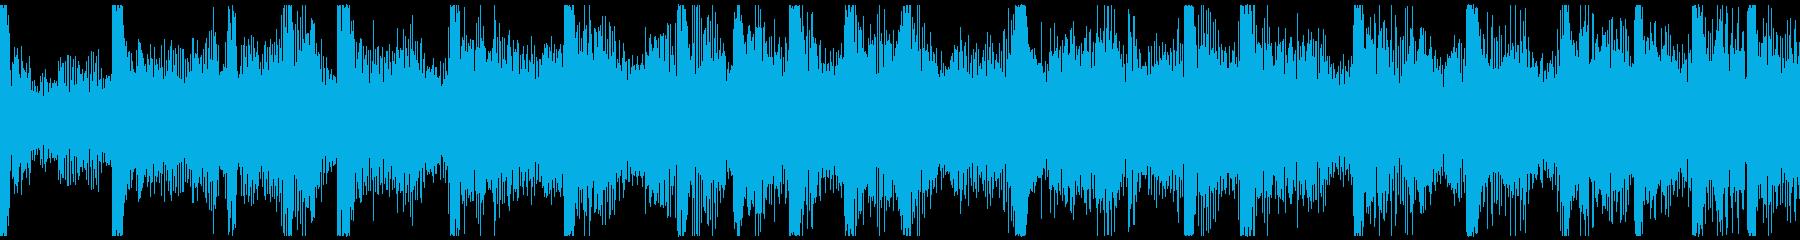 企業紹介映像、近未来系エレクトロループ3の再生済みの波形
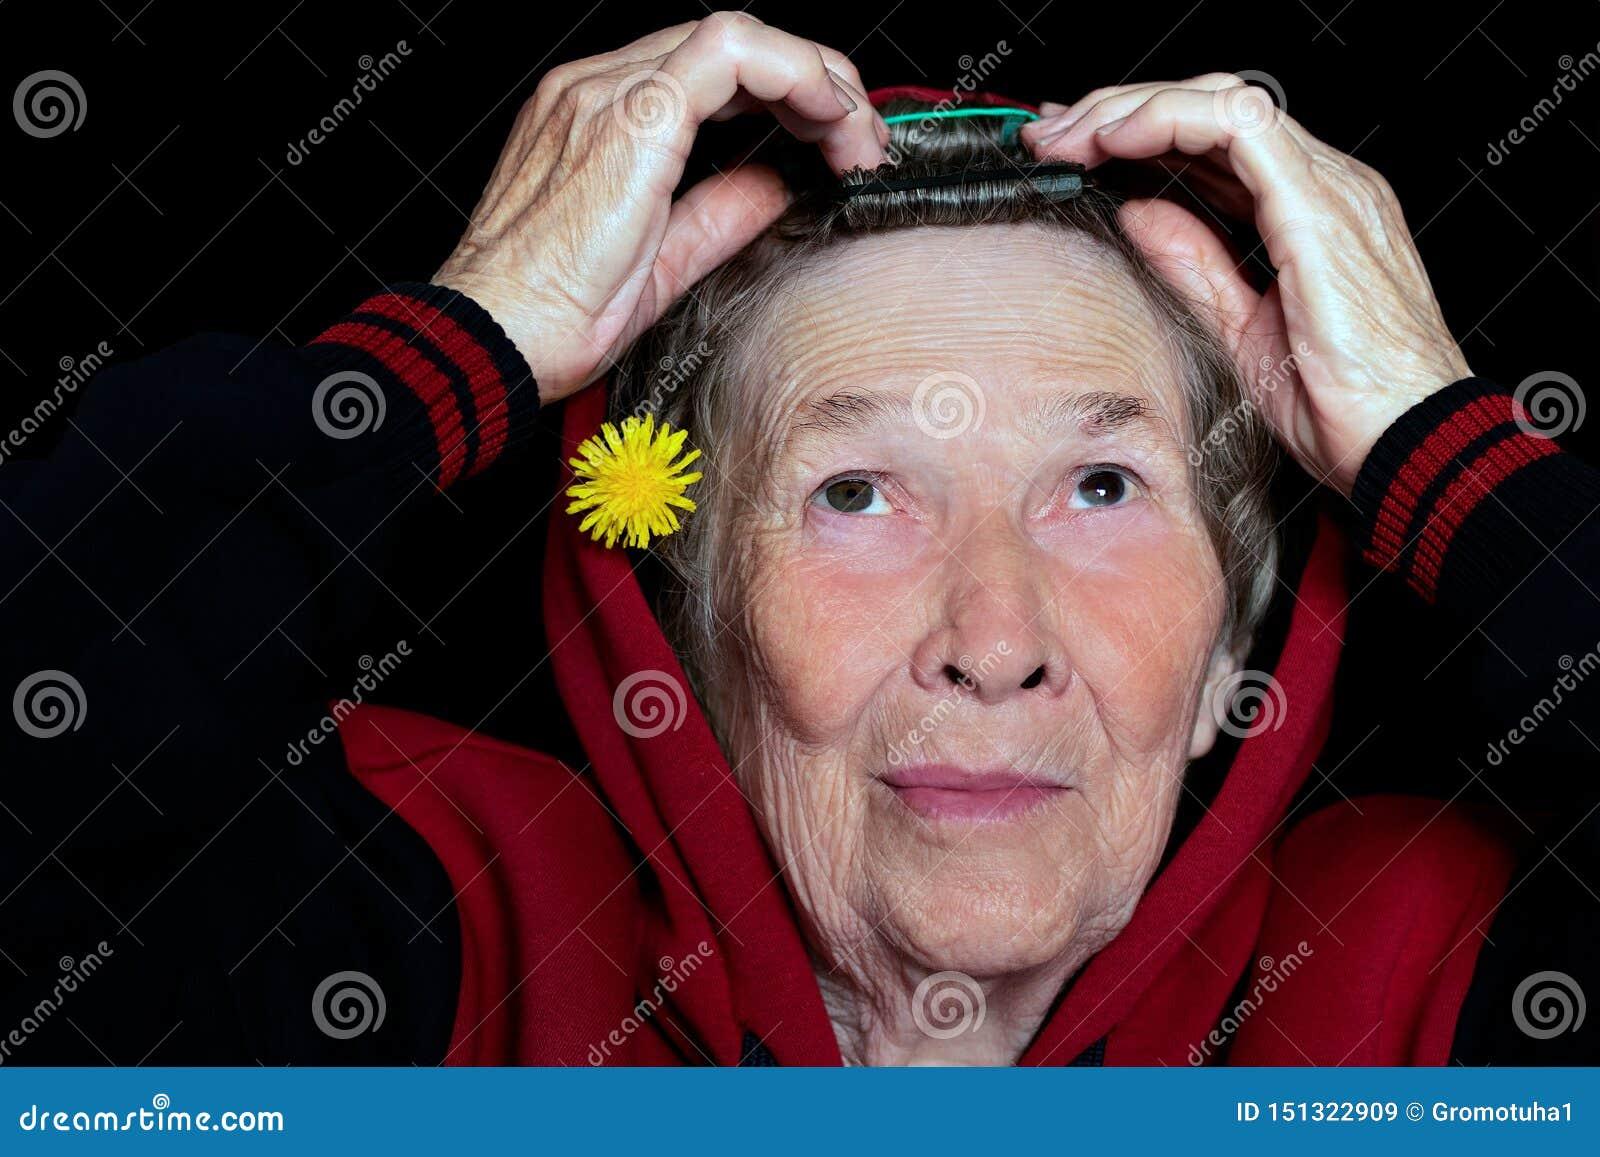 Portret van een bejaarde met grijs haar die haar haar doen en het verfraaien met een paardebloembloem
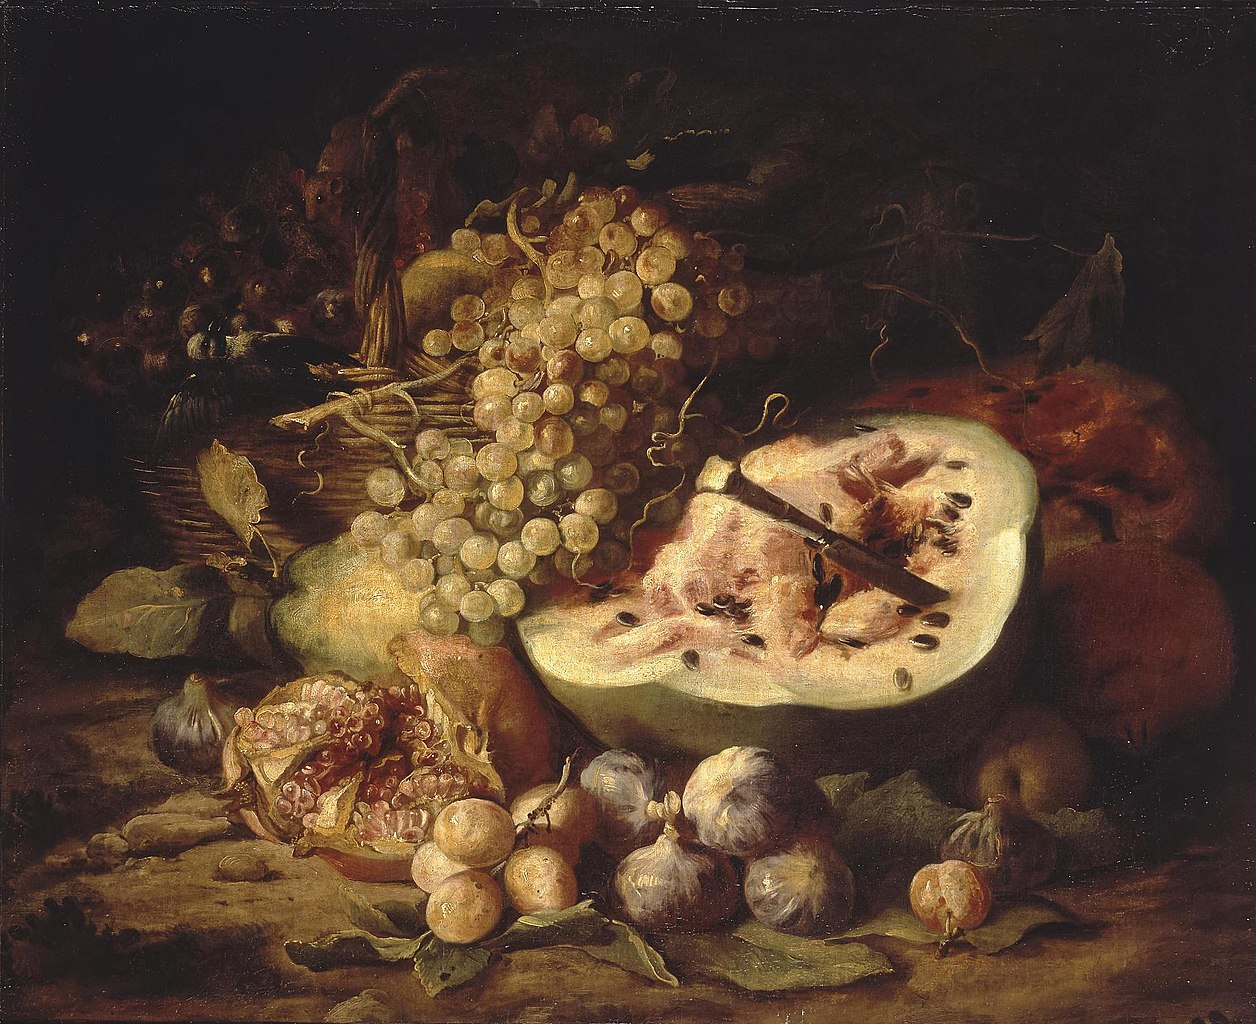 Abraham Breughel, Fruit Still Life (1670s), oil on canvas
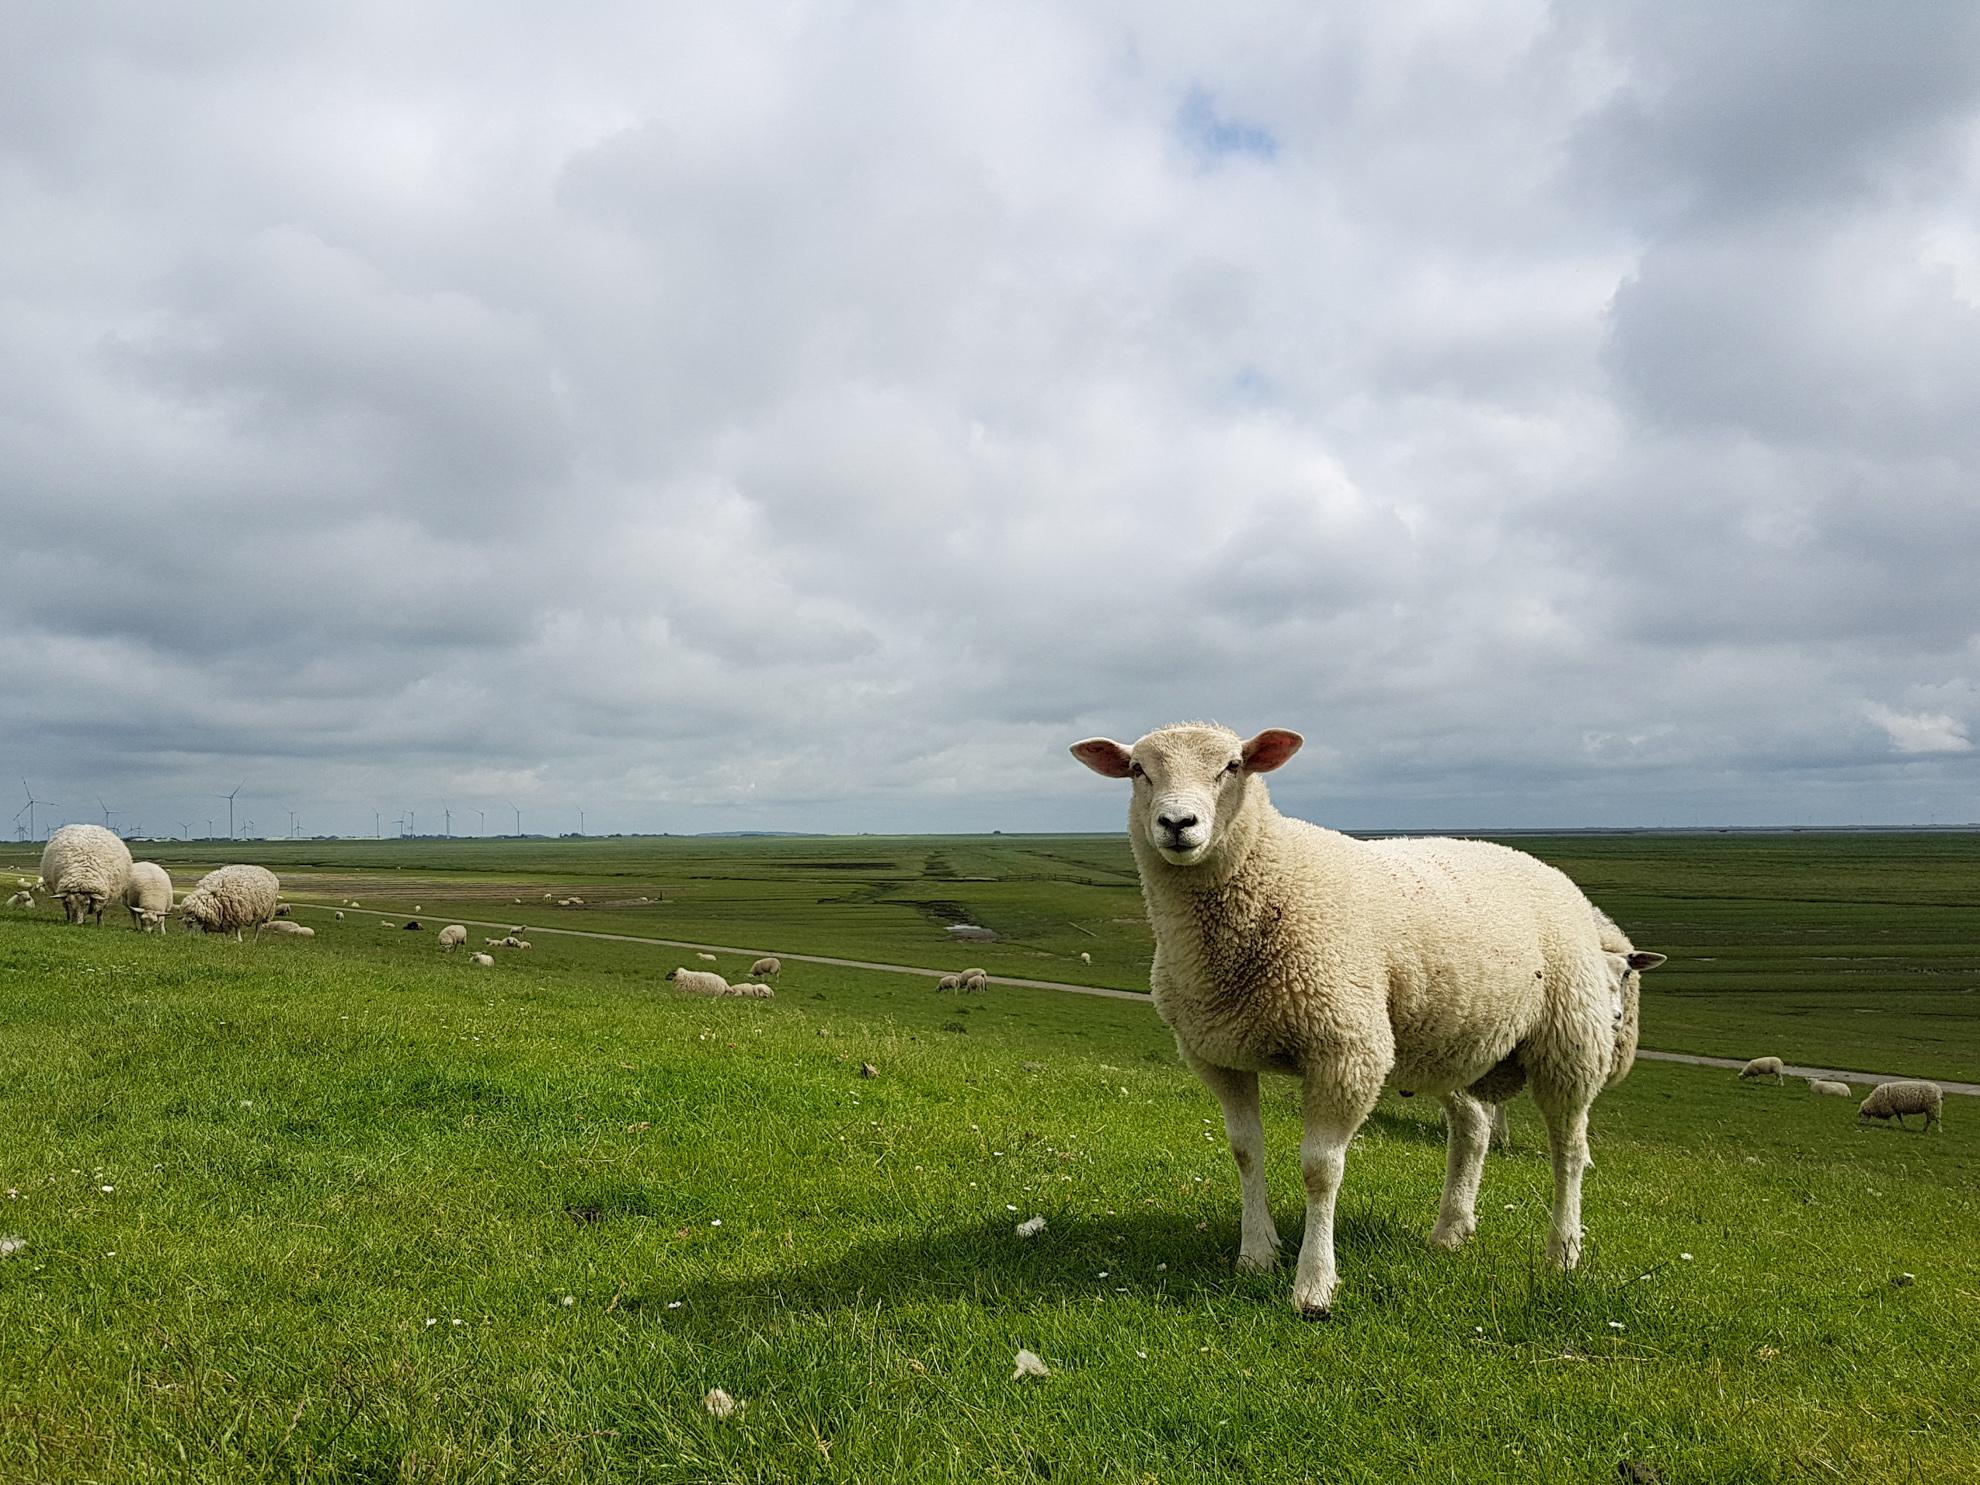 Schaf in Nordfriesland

Task:
Make an exact printout of the listing above, omitting the images.

Finished exercise:
 企業紹介映像、近未来系エレクトロループ3の再生済みの波形
 Portret van een bejaarde met grijs haar die haar haar doen en het verfraaien met een paardebloembloem
 Abraham Breughel, Fruit Still Life (1670s), oil on canvas
 Schaf in Nordfriesland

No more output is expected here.